WHAT TO DO:
Reproduce from the records below, with no pictures, exactly the lines between the one containing "A look back" and the one containing "Road Ahead Elevate", inclusive.

DATASET CONTENT:
- - - -

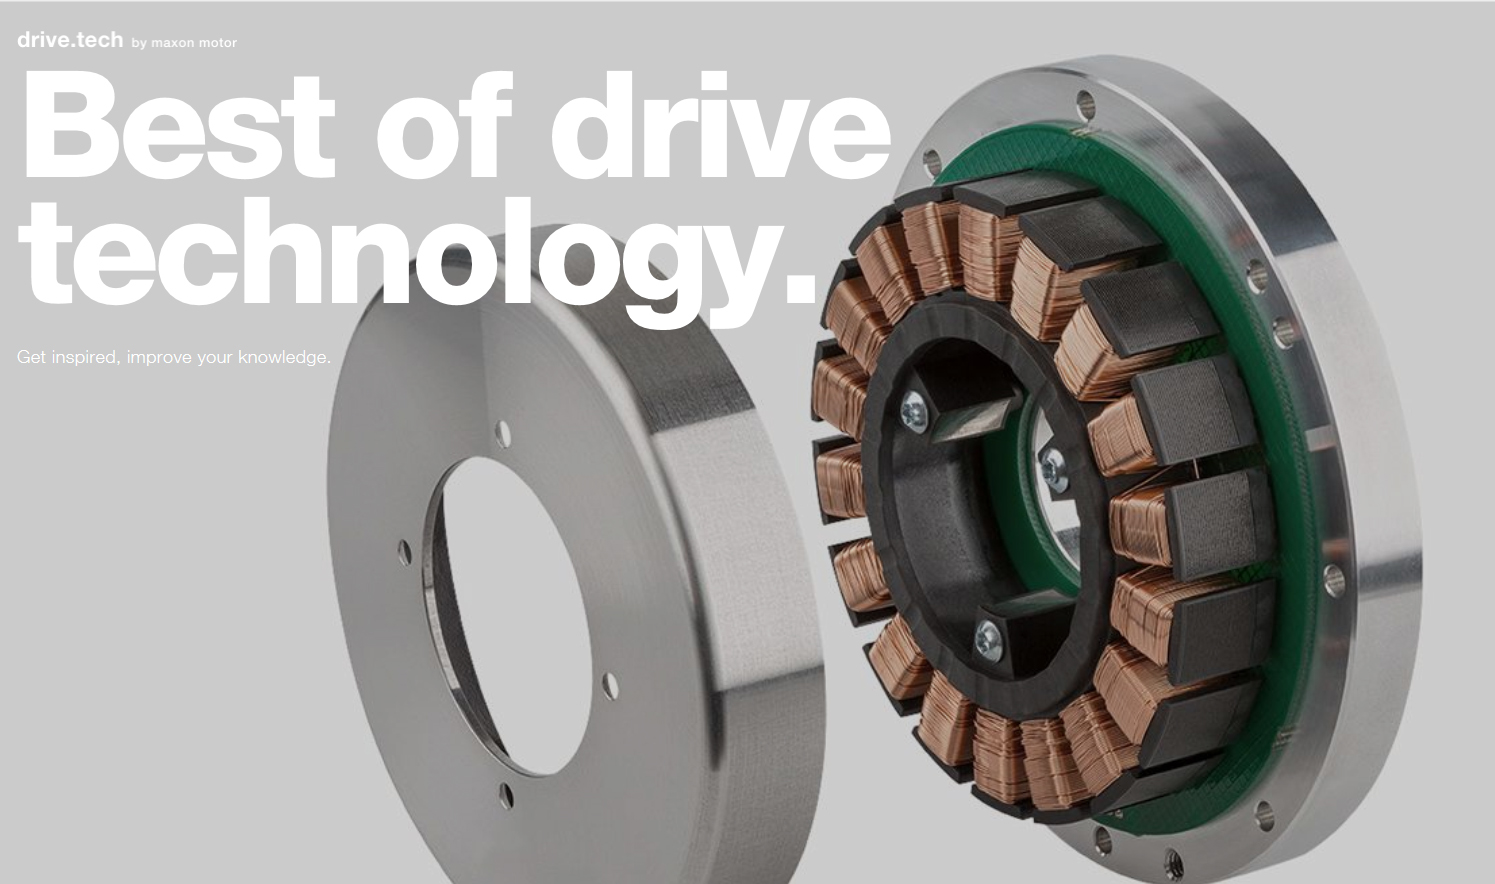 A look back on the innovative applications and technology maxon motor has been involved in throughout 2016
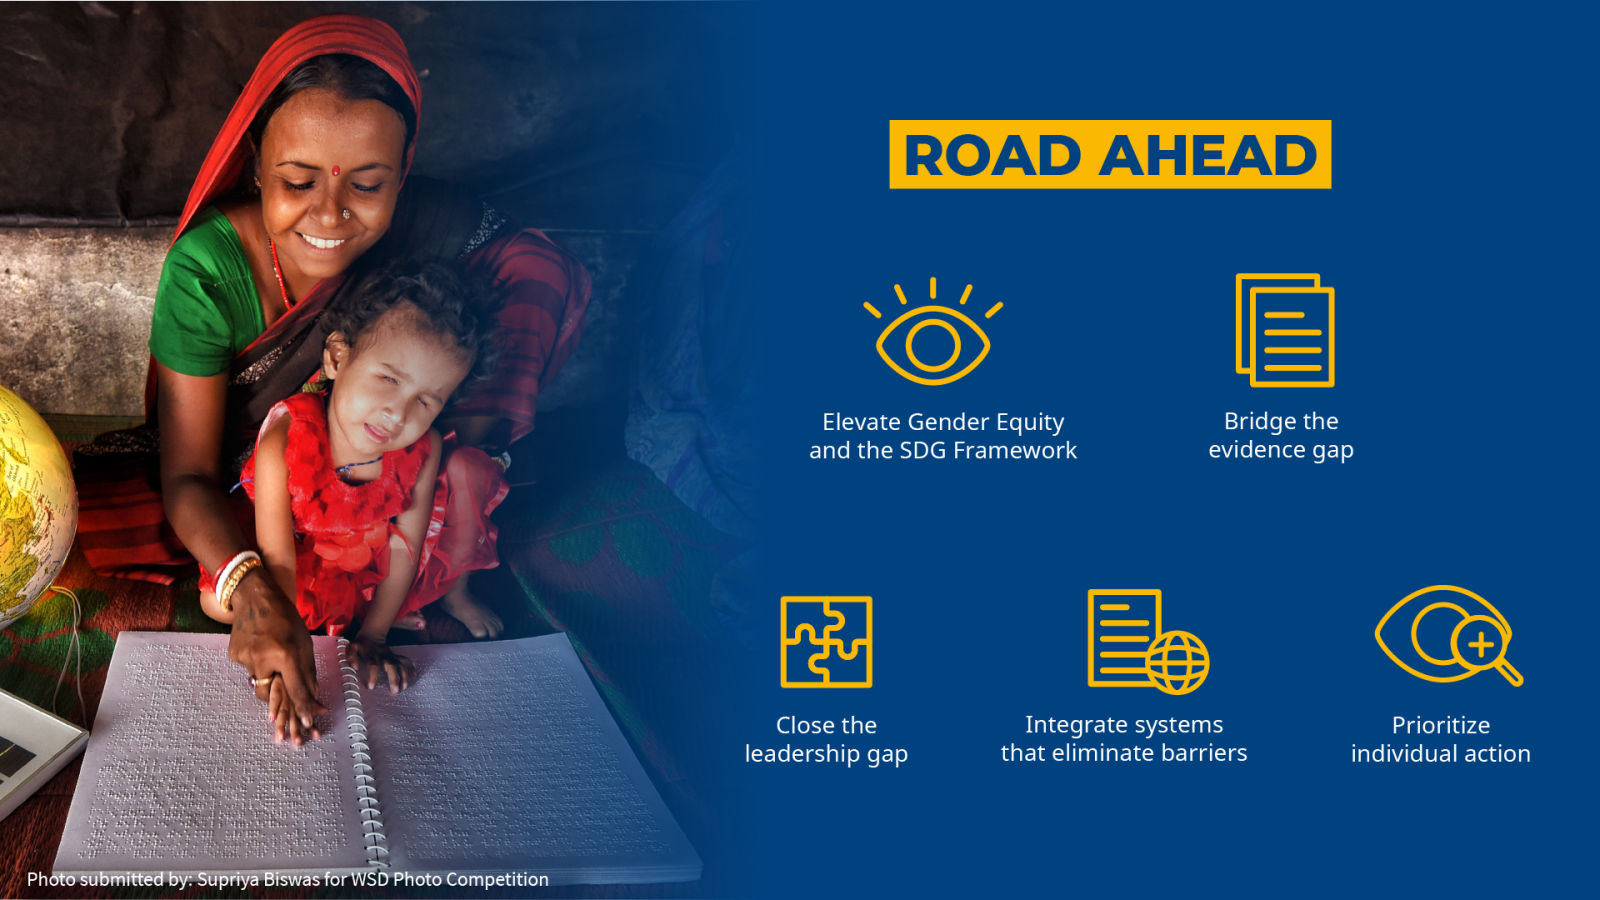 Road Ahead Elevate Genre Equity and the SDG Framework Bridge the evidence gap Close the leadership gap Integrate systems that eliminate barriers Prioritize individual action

- - - -

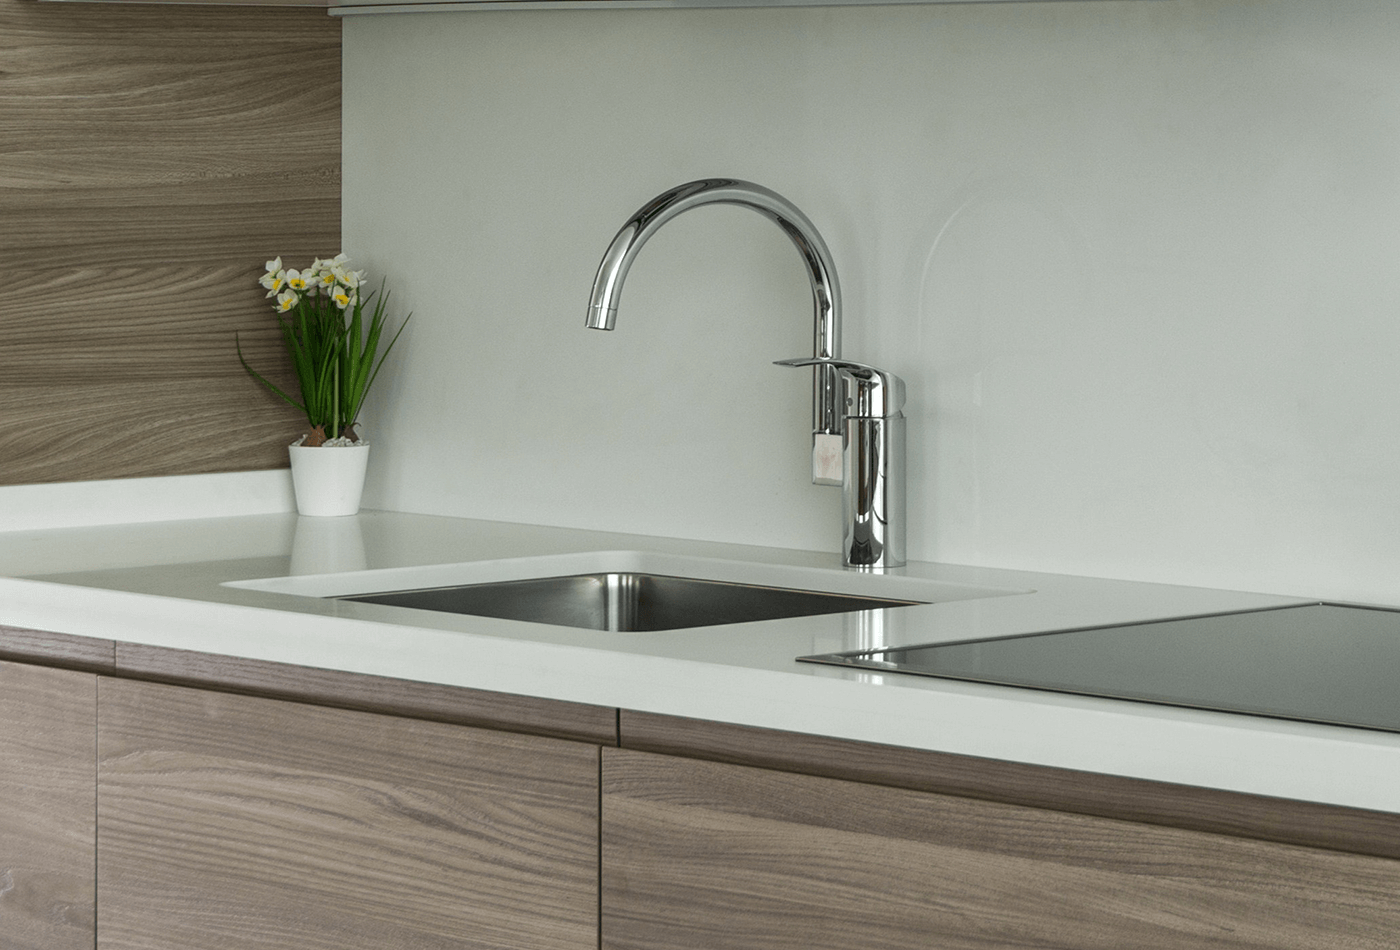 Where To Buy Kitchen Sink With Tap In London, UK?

- - - -

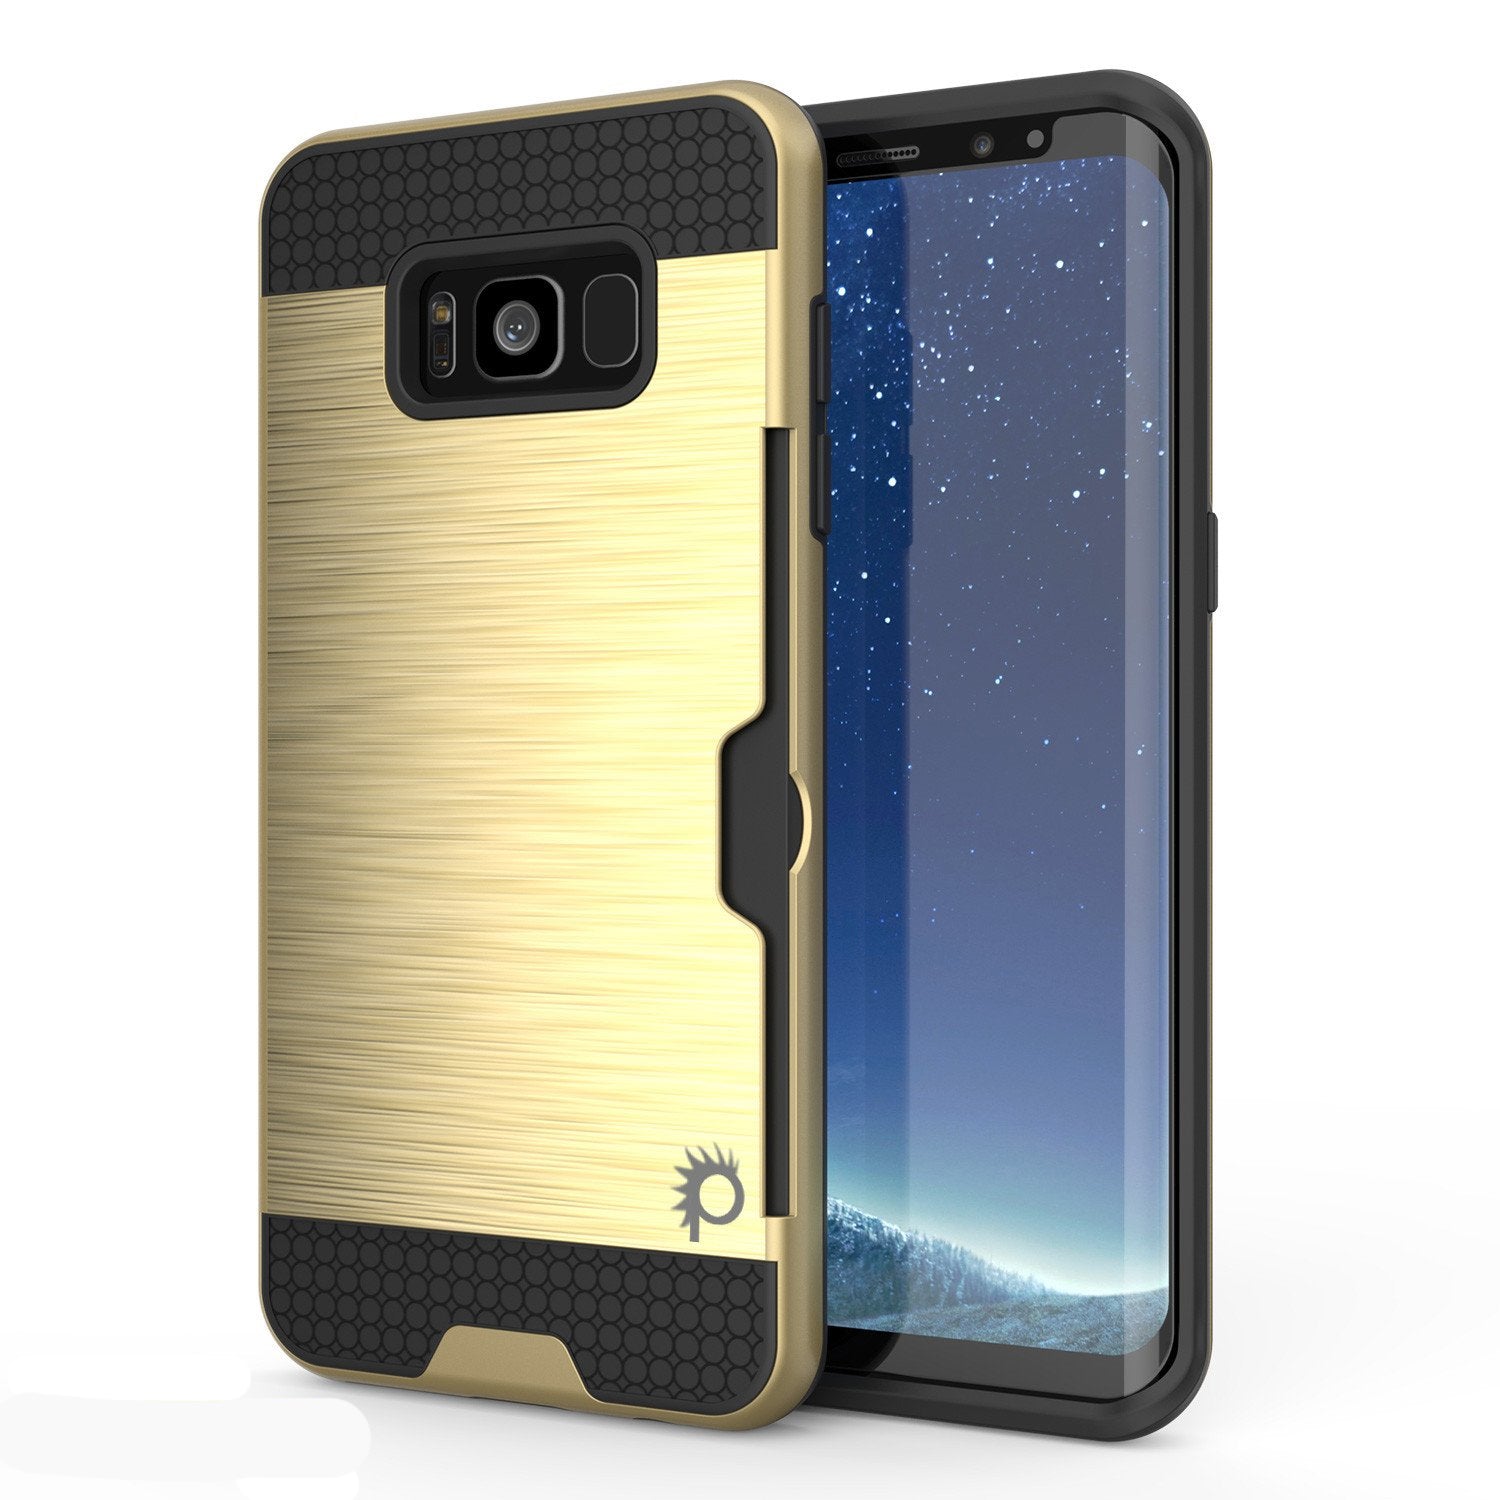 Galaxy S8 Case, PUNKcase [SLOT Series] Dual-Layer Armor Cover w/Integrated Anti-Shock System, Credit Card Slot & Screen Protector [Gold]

- - - -

RESULT BELOW:
 A look back on the innovative applications and technology maxon motor has been involved in throughout 2016
 Road Ahead Elevate Genre Equity and the SDG Framework Bridge the evidence gap Close the leadership gap Integrate systems that eliminate barriers Prioritize individual action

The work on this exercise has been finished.